Question

Let `a, b > 0, a+b = 1, n>1` Show that `(a+1/a)^n + (b+1/b)^n >= 5^n/n^(n-1)`?

Let `a, b > 0, a+b = 1, n>1`
Show that `(a+1/a)^n + (b+1/b)^n >= 5^n/n^(n-1)`

Answer 1

See below.

Explanation:

This problem can be stated as a minimization problem.

Calling `f(a,b)=(a+1/a)^n + (b+1/b)^n`

Find `{a_0,b_0}="arg"minf(a,b)`

subjected to

`g(a,b)=a+b=1`

If `(a_0+1/a_0)^n + (b_0+1/b_0)^n ge 5^n/n^(n-1)` then the proposition will be true.

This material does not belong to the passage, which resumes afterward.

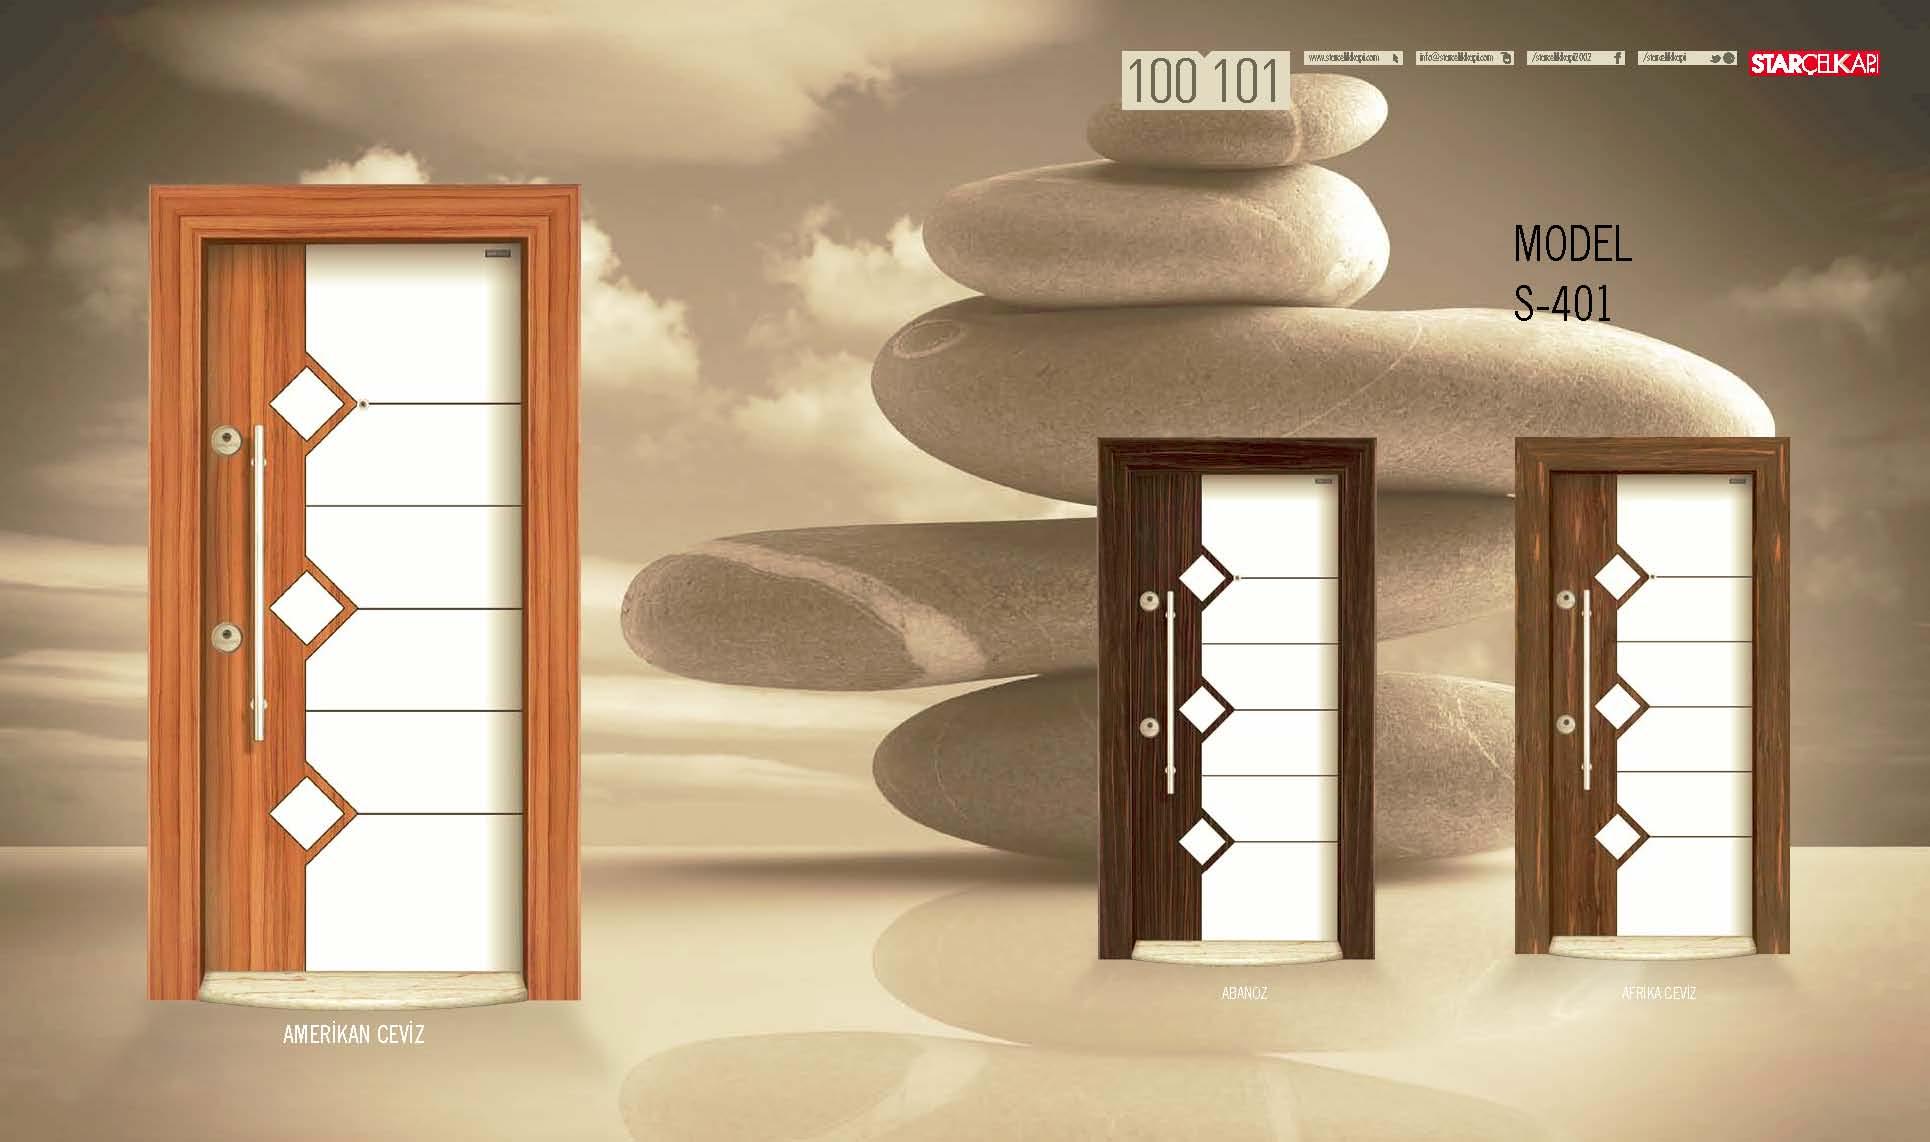 vhodni-vrati-starcelik_page_51

Analyzing the problem we see due to the symmetry, that `a,b` will require the same resources so a good guess is `a_0=1/2, b_0=1/2`

Now substituting those values into the objective function we have

`(a_0+1/a_0)^n + (b_0+1/b_0)^n=5^n/2^(n-1) ge 5^n/n^(n-1)` for `n > 1`

It is necessary to analyze for the minimum of `f(a,b)` at `a_0,b_0`

The Hessian `H_f=((f_(a,a),f_(a,b)),(f_(b,a),f_(b,b)))`

at `a_0,b_0` is

`H_f=(((2/5)^(2 - n) n (31 + 9 n), 0),(0, (2/5)^(2 - n) n (31 + 9 n)))`

This matrix has as characteristic polynomial

`p(lambda)=(lambda-(2/5)^(2 - n) n (31 + 9 n))^2` with positive roots so `a_0,b_0` is a minimum point, and the assertion is true.

Note. The point `a_0,b_0` is a stationary point because with

`d/(da)(f @ g)(a)=(1/(a-1)^2-1) (1 + 1/(1 - a) - a)^(n-1) n + (1 - 1/a^2) (1/a + a)^(n-1) n`

we have `d/(da)(f @ g)(1/2)=0`

Answer 2

See below.

Explanation:

Another point of view.

Making now `u=a+1/a` and `v=b+1/b` we have

`u^n+v^n ge 5^n/(n^(n-1))` subjected to

`1/2(upmsqrt(u^2-4))+1/2(vpm sqrt(v^2-4))=1`

Due to the symmetry the minimization problem requires that

`1/2(upmsqrt(u^2-4))=1/2(vpm sqrt(v^2-4))=1/2`

or

`(u-1)^2=u^2-4->u=u_0=5/2`
`(v-1)^2=v^2-4->v=v_0=5/2`

and

`u_0^n+v_0^n=2(5/2)^n= 5^n/(2^(n-1)) ge 5^n/(n^(n-1)) forall n > 1`

Suppose instead that symmetry does not occur

`1/2(u_0pmsqrt(u_0^2-4))=1/2+epsilon` and `1/2(v_0pm sqrt(v_0^2-4))=1/2-epsilon`

then

`{(u_0=(4+(1+2epsilon)^2)/(2(1+2epsilon))),(v_0=(4+(1-2epsilon)^2)/(2(1-2epsilon))):}`

and

`f(epsilon)=((4+(1+2epsilon)^2)/(2(1+2epsilon)))^n+((4+(1-2epsilon)^2)/(2(1-2epsilon)))^n`

Now

#(df)/(d epsilon)=((4 epsilon (1 + epsilon)-3) (1/2 + epsilon + 2/(1 + 2 epsilon))^(n-1) n)/(1 + 2 epsilon)^2-((1/2 + 2/(1 - 2 epsilon) - epsilon)^(n-1) (2 epsilon-3) (1 + 2 epsilon) n)/(1 - 2 epsilon)^2#

and as can be verified,

`(df)/(d epsilon)(0)=0` and also

`(d^2f)/(d epsilon^2)(0)=5^(n-2)/2^(n-3) n (31 + 9 n)> 0` so `epsilon = 0` is a minimum and this result confirms `u_0=v_0=5/2` as the solution point, validating the proposition.